Due to the security concerns always use a non-trivial secret key.
Secret key set by -s switch will override secret key assigned by
pp_secret variable in .pythonrc.py
More Information
Probably the best way to get started is to look at the documentation at
http://ppft.rtfd.io. Also, you can see a set of example scripts in
ppft.tests
. You can run the test suite with python -m ppft.tests
.
ppft
will create and execute jobs on local workers (automatically created
using python -u -m ppft
). Additionally, remote servers can be created with
ppserver
(or python -m ppft.server
), and then jobs can be distributed
to remote workers. See --help
for more details on how to configure a server.
Please feel free to submit a ticket on github, or ask a question on
stackoverflow (@Mike McKerns). If you would like to share how you use
ppft
in your work, please send an email (to mmckerns at uqfoundation dot org).
Citation
If you use ppft
to do research that leads to publication, we ask that you
acknowledge use of ppft
by citing the following in your publication:
M.M. McKerns, L. Strand, T. Sullivan, A. Fang, M.A.G. Aivazis,
"Building a framework for predictive science", Proceedings of
the 10th Python in Science Conference, 2011;
http://arxiv.org/pdf/1202.1056
Michael McKerns and Michael Aivazis,
"pathos: a framework for heterogeneous computing", 2010- ;
https://uqfoundation.github.io/project/pathos
Please see https://uqfoundation.github.io/project/pathos or http://arxiv.org/pdf/1202.1056 for further information.
- exception DestroyedServerError
Bases:
RuntimeError
- class Server(ncpus='autodetect', ppservers=(), secret=None, restart=False, proto=2, socket_timeout=3600)
Bases:
object
Parallel Python SMP execution server class
Creates Server instance
ncpus - the number of worker processes to start on the local computer, if parameter is omitted it will be set to the number of processors in the system ppservers - list of active parallel python execution servers to connect with secret - passphrase for network connections, if omitted a default passphrase will be used. It’s highly recommended to use a custom passphrase for all network connections. restart - restart the worker process after each task completion proto - protocol number for pickle module socket_timeout - socket timeout in seconds, which is the maximum time a remote job could be executed. Increase this value if you have long running jobs or decrease if connectivity to remote ppservers is often lost.
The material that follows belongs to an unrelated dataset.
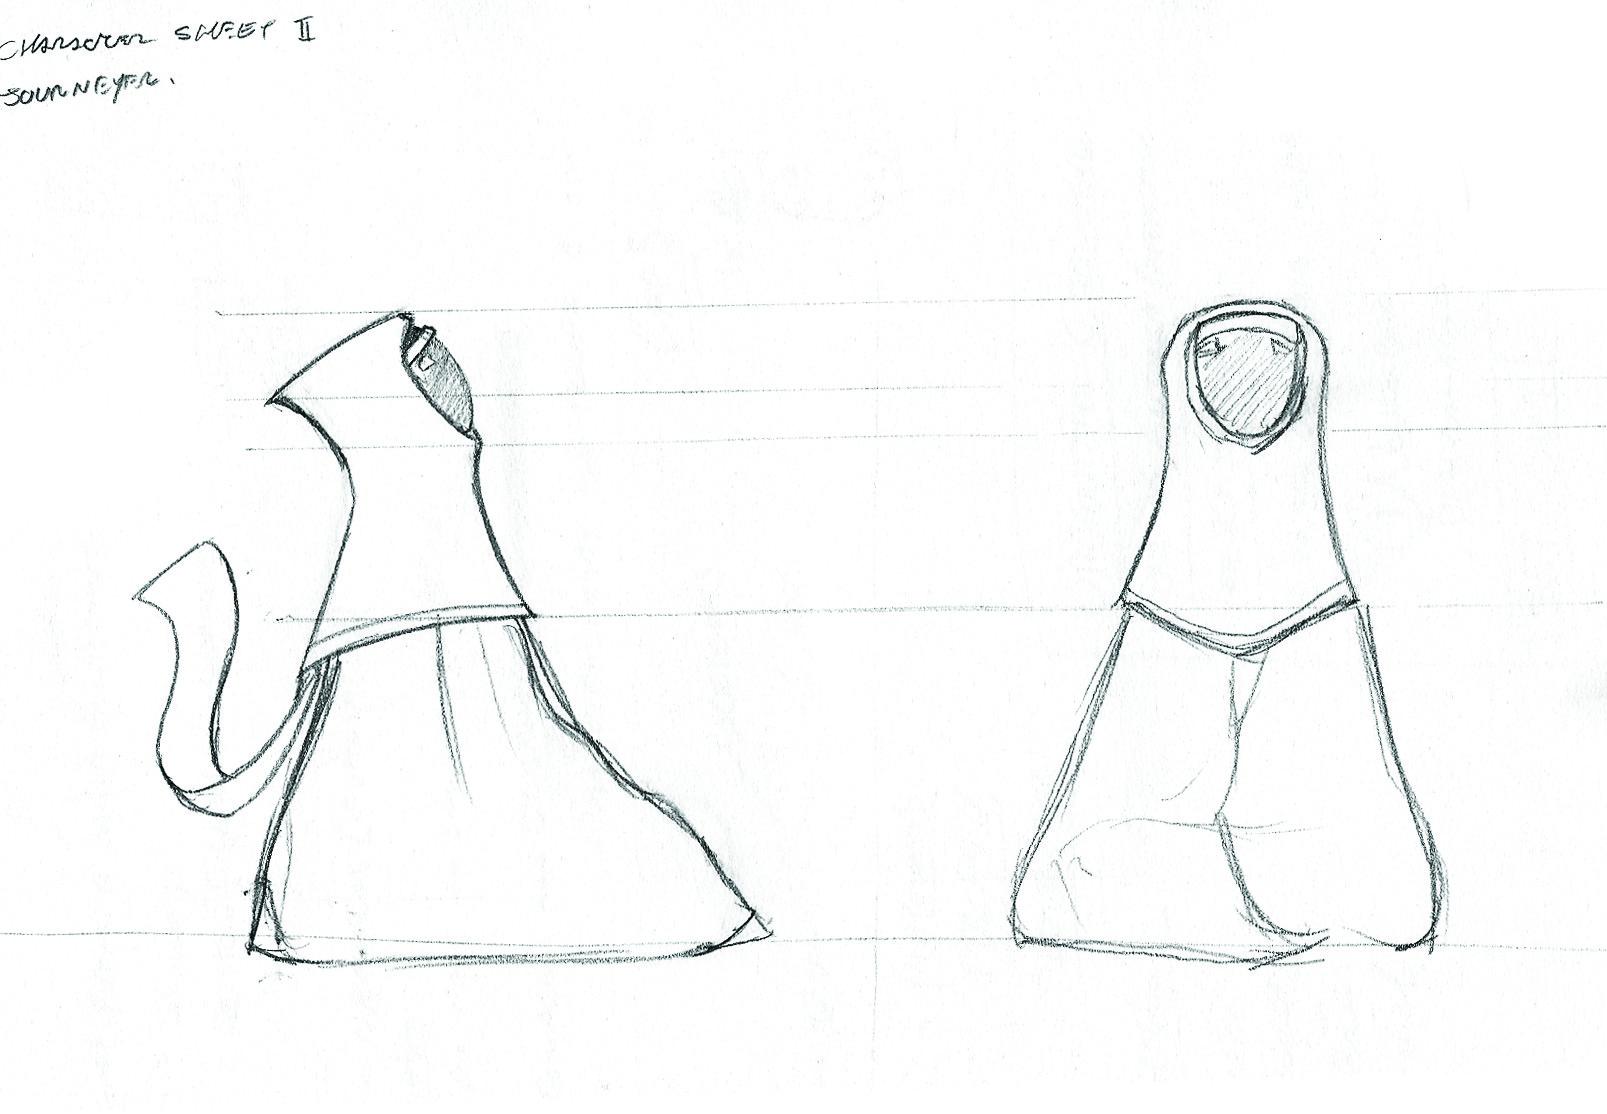 Felipe blanco sketch 29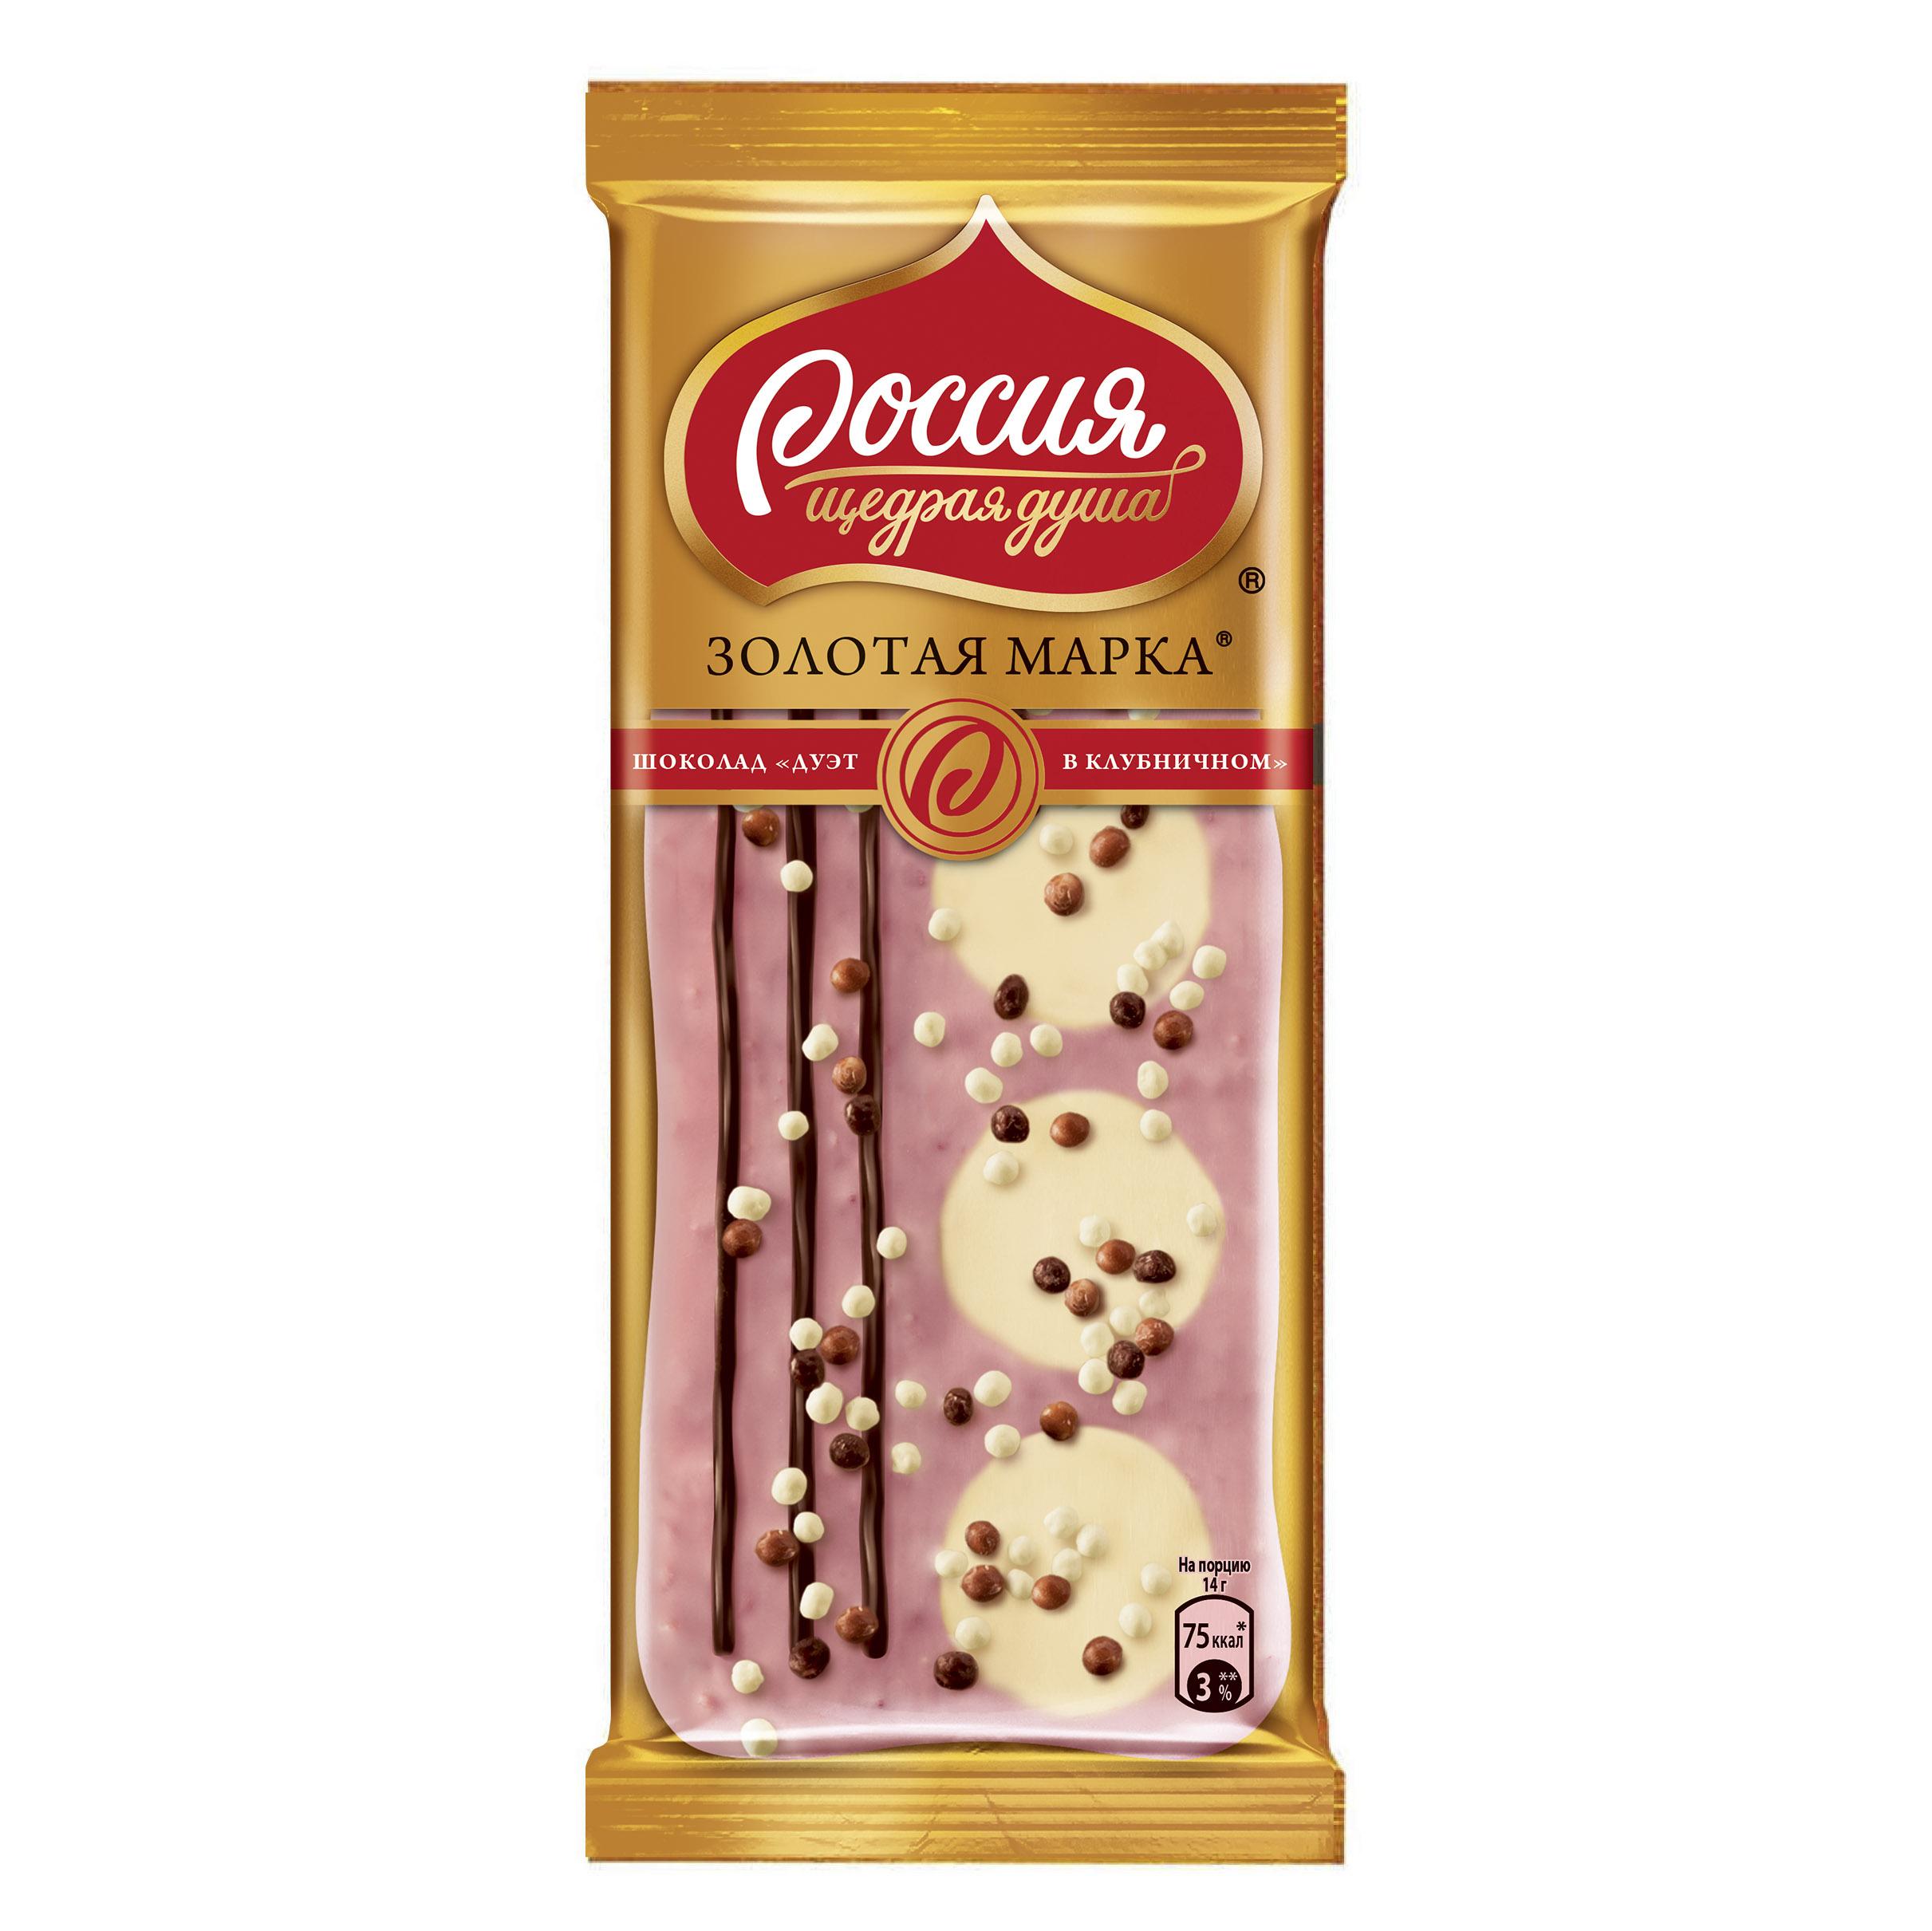 шоколад россия щедрая душа золотая марка дуэт в клубничном белый и темный с клубникой 85 г Шоколад Россия щедрая душа Белый Дуэт в клубничном 85 г

With ncpus = 1 all tasks are executed consequently. For the best performance either use the default “autodetect” value or set ncpus to the total number of processors in the system.
- __add_to_active_tasks(num)
Updates the number of active tasks
- __connect()
Connects to all remote ppservers
- __del__()
- __detect_ncpus()
Detects the number of effective CPUs in the system
- __dumpsfunc(funcs, modules)
Serializes functions and modules
- __find_modules(prefix, dict)
recursively finds all the modules in dict
- __gentid()
Generates a unique job ID number
- __get_source(func)
Fetches source of the function
- __scheduler()
Schedules jobs for execution
- __stat_add_job(node)
Increments job count on the node
- __stat_add_time(node, time_add)
Updates total runtime on the node
- __update_active_rworkers(id, count)
Updates list of active rworkers
- _run_local(job, sfunc, sargs, worker)
Runs a job locally
- _run_remote(job, sfunc, sargs, rworker)
Runs a job remotelly
- connect1(host, port, persistent=True)
Conects to a remote ppserver specified by host and port
- default_port = 60000
- default_secret = 'epo20pdosl;dksldkmm'
- destroy()
Kills ppworkers and closes open files
- get_active_nodes()
Returns active nodes as a dictionary [keys - nodes, values - ncpus]
- get_ncpus()
Returns the number of local worker processes (ppworkers)
- get_stats()
Returns job execution statistics as a dictionary
- insert(sfunc, sargs, task=None)
Inserts function into the execution queue. It’s intended for internal use only (in ppserver).
- print_stats()
Prints job execution statistics. Useful for benchmarking on clusters
- set_ncpus(ncpus='autodetect')
Sets the number of local worker processes (ppworkers)
- ncpus - the number of worker processes, if parammeter is omitted
it will be set to the number of processors in the system
- submit(func, args=(), depfuncs=(), modules=(), callback=None, callbackargs=(), group='default', globals=None)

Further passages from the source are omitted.